1st Edition

Warrior, Courtier, Singer Giulio Cesare Brancaccio and the Performance of Identity in the Late Renaissance

By Richard Wistreich Copyright 2007
    346 Pages
    by Routledge

    346 Pages
    by Routledge

    Giulio Cesare Brancaccio was a Neapolitan nobleman with long practical experience of military life, first in the service of Charles V and later as both soldier and courtier in France and then at the court of Alfonso II d'Este at Ferrara. He was also a virtuoso bass singer whose performances were praised by both Tasso and Guarini - he was even for a while the only male member of the famous Ferrarese court Concerto delle dame, who established a legendary reputation during the 1580s. Richard Wistreich examines Brancaccio's life in detail and from this it becomes possible to consider the mental and social world of a warrior and courtier with musical skills in a broader context. A wide-ranging study of bass singing in sixteenth- and early seventeenth-century Italy provides a contextual basis from which to consider Brancaccio's reputation as a performer.
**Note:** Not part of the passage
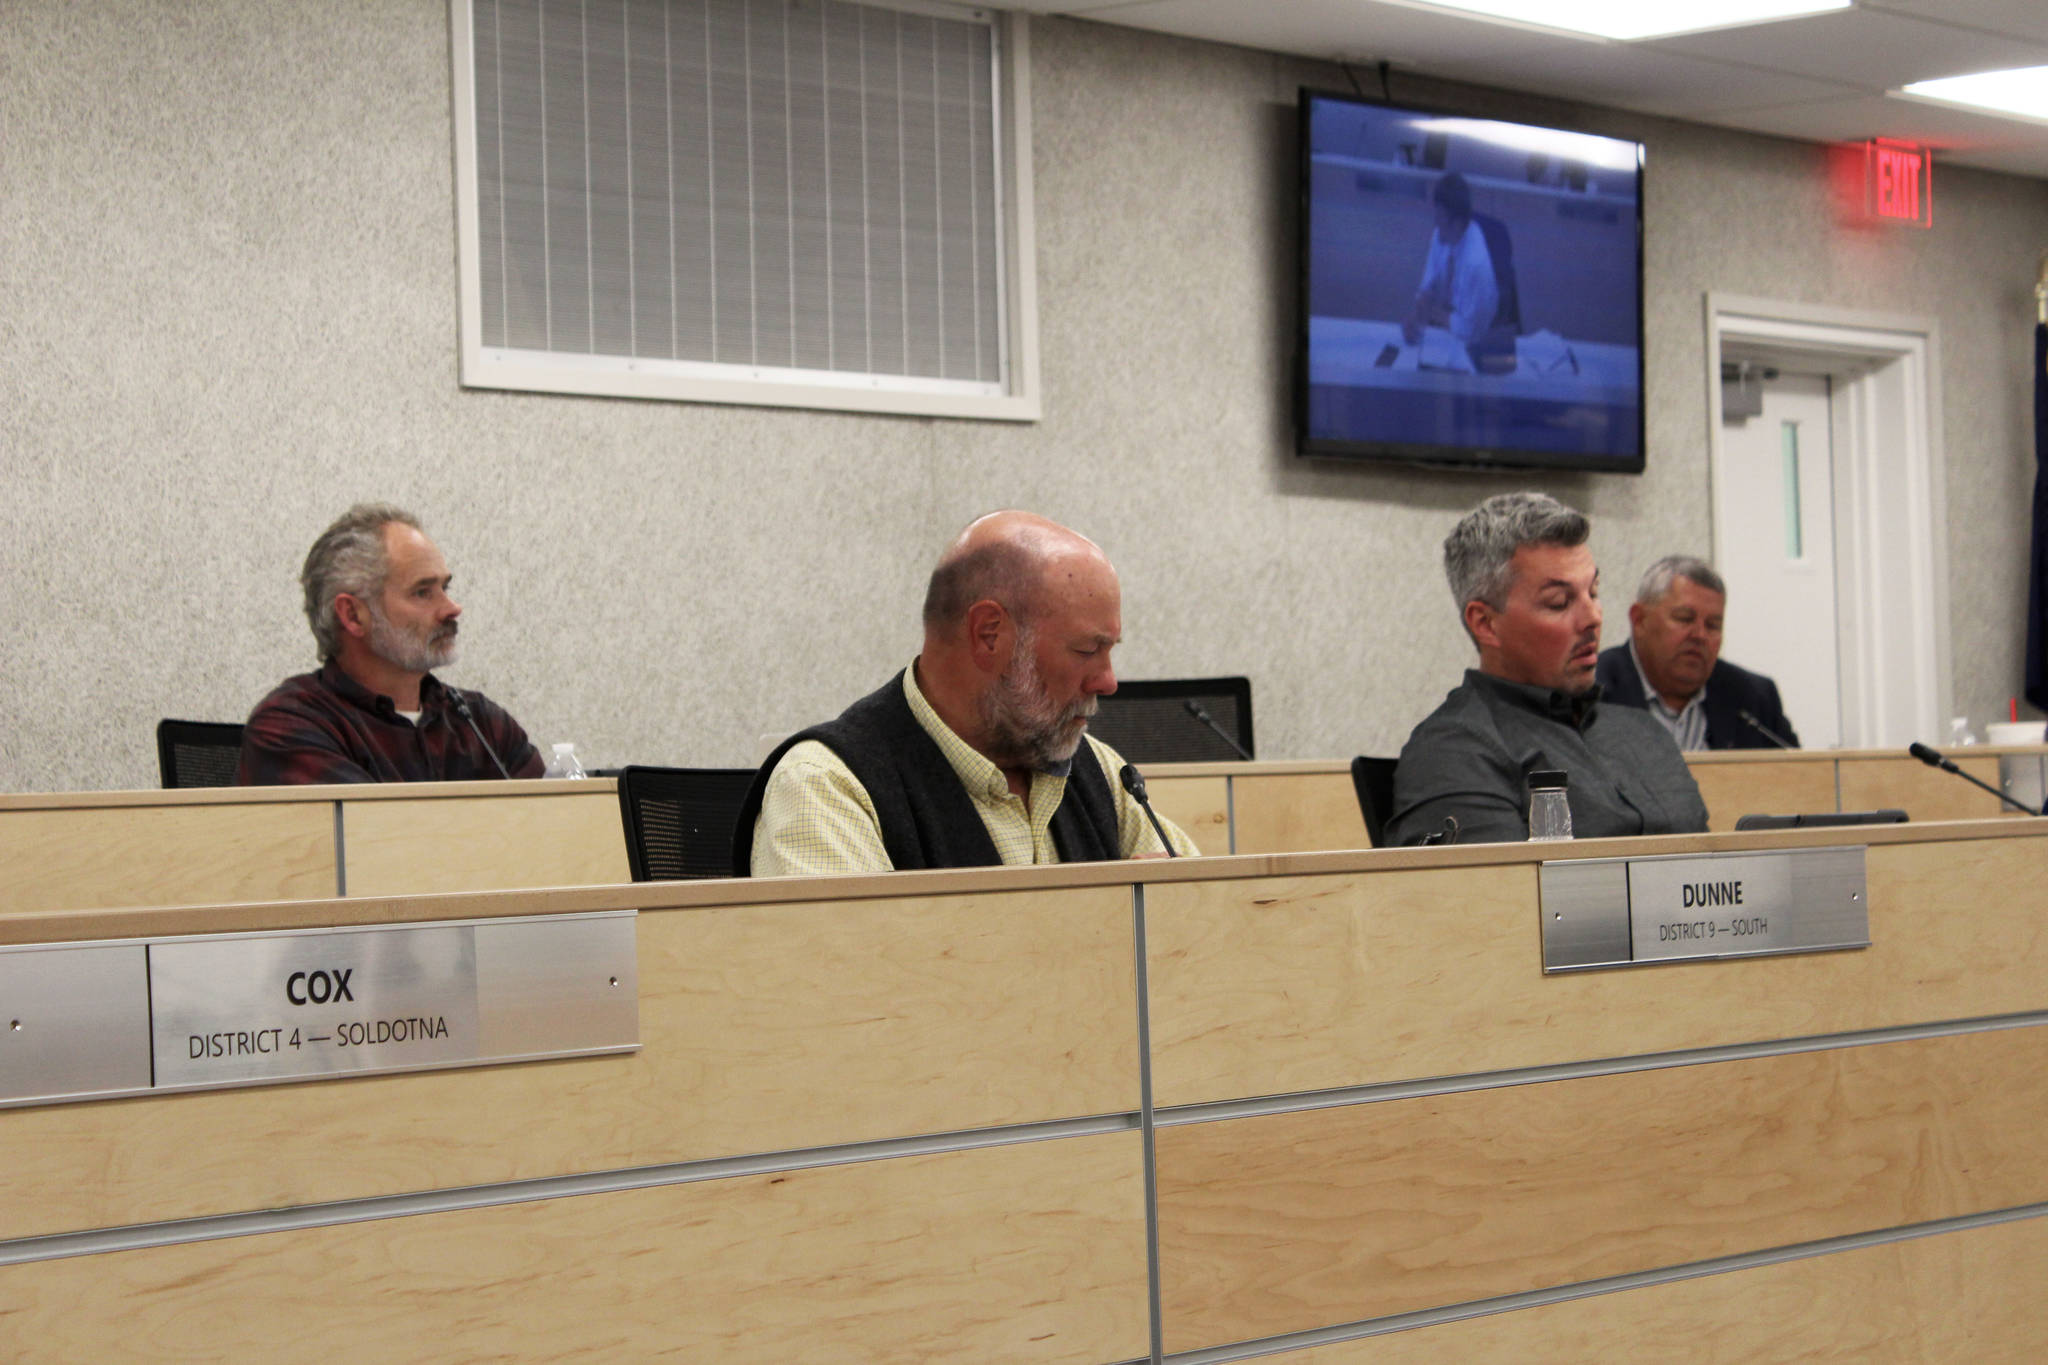 Assembly Member Willy Dunne (second from left) speaks during a meeting of the Kenai Peninsula Borough Assembly on Tuesday, July 6, 2021 in Soldotna, Alaska. (Ashlyn O'Hara/Peninsula Clarion)

Wistreich illustrates the use of music in the process of 'self-fashioning' and the role of performance of all kinds in the construction of male noble identity within court culture, including the nature and currency of honour, chivalric virtù and sixteenth-century notions of gender and virility in relation to musical performance. This fascinating examination of Brancaccio's social world significantly expands our understanding of noble culture in both France and Italy during the sixteenth century, and the place of music-making within it.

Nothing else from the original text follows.